Cart

    Sorry, we could not find any results for your search querry.

    Using speech-to-text with OpenClaw

    OpenClaw, previously known as ClawBot and MoltBot, is a personal AI agent that you run on your own infrastructure. You control OpenClaw via a chat app of your choice, such as WhatsApp, and you can also use speech-to-text (STT) and/or text-to-speech (TTS). This means you don’t have to type messages—you can speak to OpenClaw instead. 

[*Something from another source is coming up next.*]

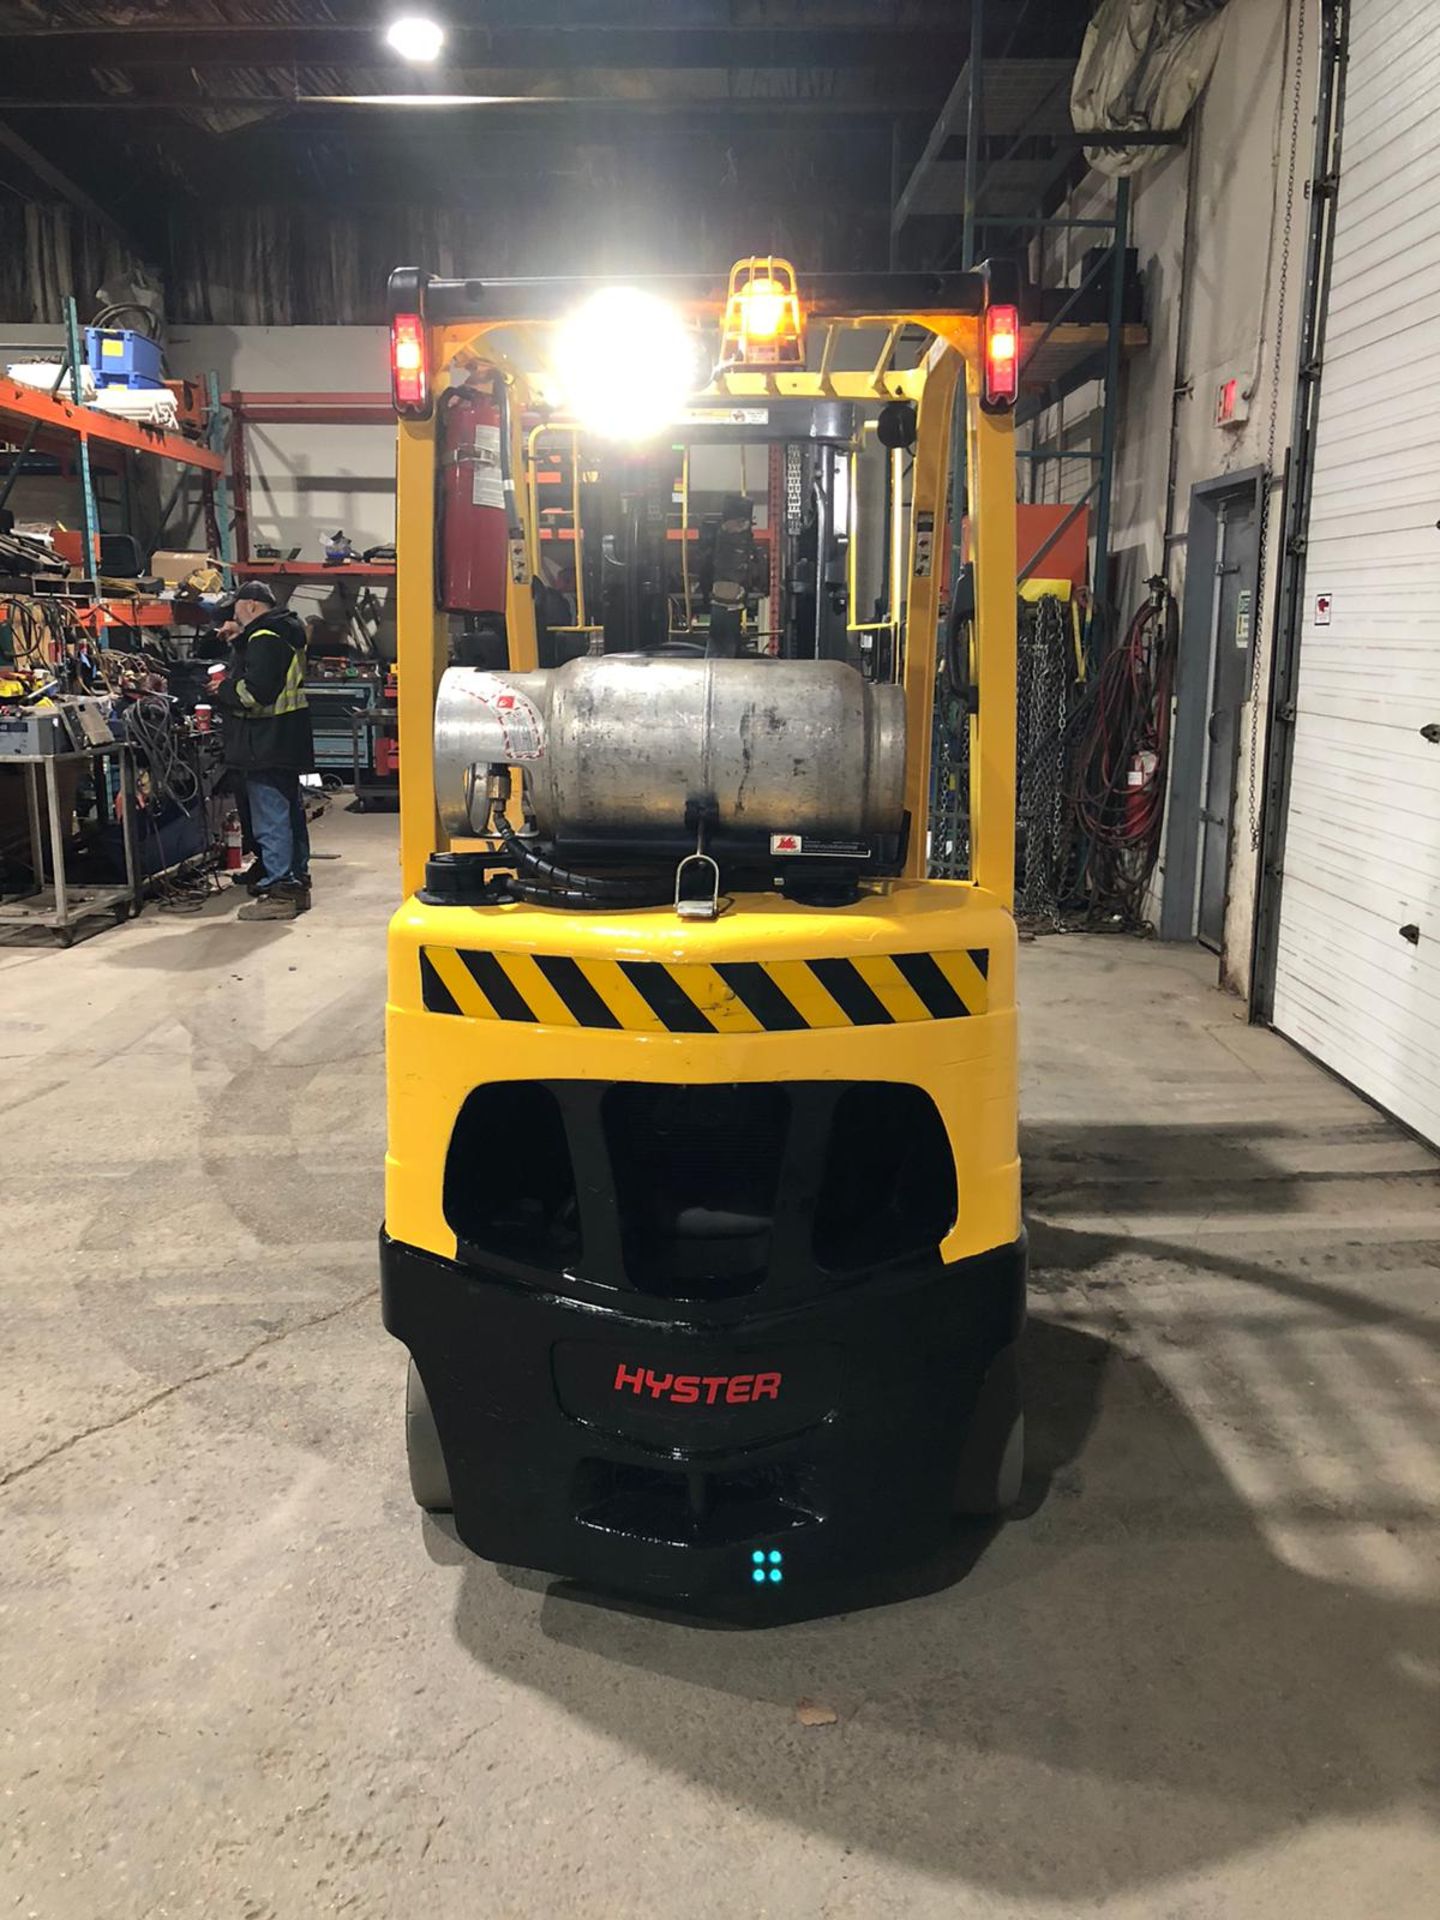 NICE 2018 Hyster model 60 - 6,000lbs Capacity LPG (propane) Forklift with Sideshift - 3-stage mast - - Image 6 of 6

    In this guide, we explain how to use speech-to-text with OpenClaw on Ubuntu/Debian, what options are available, and the main trade-offs and benefits.

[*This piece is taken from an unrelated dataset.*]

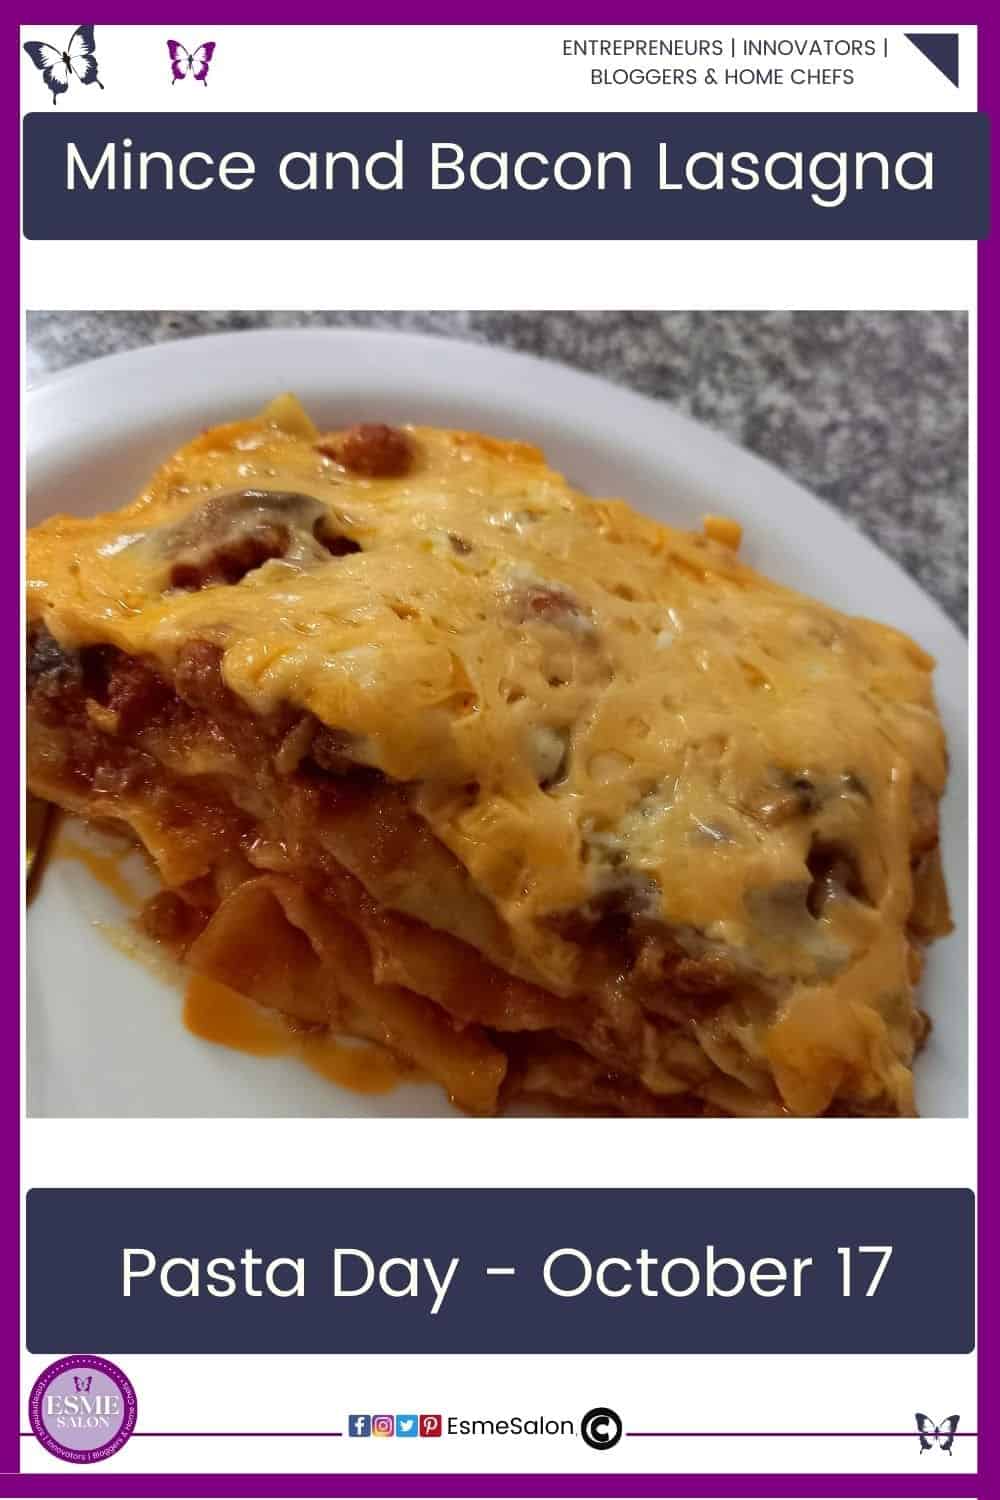 an image of a wedge of Mince and Bacon Lasagna on a white plate with lots of cheese as topping

    • Before you start this guide, make sure you have a VPS/computer/laptop with OpenClaw, and that you’ve completed the onboarding.
       
    • Are you using a local model and want the fastest performance and highest accuracy? Then we recommend 4 CPU cores, but even with 2 CPU cores, STT performs surprisingly well.
     

     

    Which STT options does OpenClaw offer?

     

    OpenClaw essentially has two options for STT: 

    • Gateway voice-note handling (automatic STT): This uses tools.media.audio in your OpenClaw configuration (this is the best option for ‘natural conversation’). OpenClaw automatically chooses the first available provider, unless you’ve configured a specific order: 
      Local CLIs (e.g. local Whisper) → Gemini → OpenAI → Groq → Whisper.cpp CLI → sherpa-onnx, etc.
       
    • Agent skills, namely openai-whisper / openai-whisper-api. These skills teach the agent to run a CLI tool to transcribe an audio file when it decides to use the relevant skill.

     

    STT speed vs accuracy

    Option Speed Accuracy
    OpenAI gpt-4o-mini-transcribe ⭐⭐⭐⭐ ⭐⭐⭐⭐
    OpenAI gpt-4o-transcribe ⭐⭐⭐ ⭐⭐⭐⭐⭐ 
    OpenAI whisper-1 ⭐⭐⭐ ⭐⭐⭐
    Groq whisper-large-v3-turbo ⭐⭐⭐⭐⭐ ⭐⭐⭐⭐
    Groq whisper-large-v3 ⭐⭐⭐⭐⭐ ⭐⭐⭐⭐⭐
    Gemini CLI (gemini) - performance depends on the LLM ⭐→⭐⭐⭐⭐ ⭐→⭐⭐⭐⭐
    Local Whisper.cpp (tiny→large) - depends on model choice ⭐⭐⭐⭐⭐→⭐ ⭐→⭐⭐⭐⭐⭐
    • For the fastest and best overall option, we recommend using gateway voice-note handling and not using skills.
       
    • Do you speak English well? Then we recommend the local model with gateway voice-note handling; even without a GPU and with just 2 CPU cores, this is a remarkably fast and accurate option.
     

     

    The differences between the OpenAI-Whisper and OpenAI-Whisper-API skills

     

    In both cases, the underlying technology is OpenAI’s Whisper STT. However, there are a few important differences:

    OpenAI-whisper OpenAI-whisper-API
    Free Paid
    No API key required Requires an API key from OpenAI
    Performance depends on your own hardware Excellent performance

     

    Configuring gateway voice-note handling STT

     

    Local model (no API)

     

    In this section, you’ll install gateway voice-note handling for STT using a number of components:

    • whisper.cpp: a C++ implementation of Whisper that performs better than ‘standard’ Whisper
    • The Whisper CLI tool. 
    • A quantised model for STT, carefully balancing performance and accuracy. 
    • FFmpeg for compatibility with different types of audio
    • OpenBLAS for a performance boost

     

    Step 1

    Install all dependencies, including tools (where needed), FFmpeg, the associated FFmpeg libraries, and OpenBLAS:

    sudo apt -y update
    sudo apt install -y git cmake build-essential pkg-config ffmpeg libavcodec-dev libavformat-dev libavutil-dev libOpenBLAS-dev

     

    Step 2

    Build Whisper from scratch with FFmpeg and OpenBLAS support. 
    The final command makes the Whisper Command Line Interface (CLI) executable by adding it to a directory included in the PATH environment variable.

    cd /opt
    sudo git clone https://github.com/ggml-org/whisper.cpp.git
    cd whisper.cpp
    sudo cmake -B build -DWHISPER_FFMPEG=yes -DGGML_BLAS=1 -DCMAKE_BUILD_TYPE=Release
    sudo cmake --build build -j 4
    sudo cp -f ./build/bin/whisper-cli /usr/local/bin/whisper-cli

     

    Step 3

    Create a directory to store the STT models and install an STT model. 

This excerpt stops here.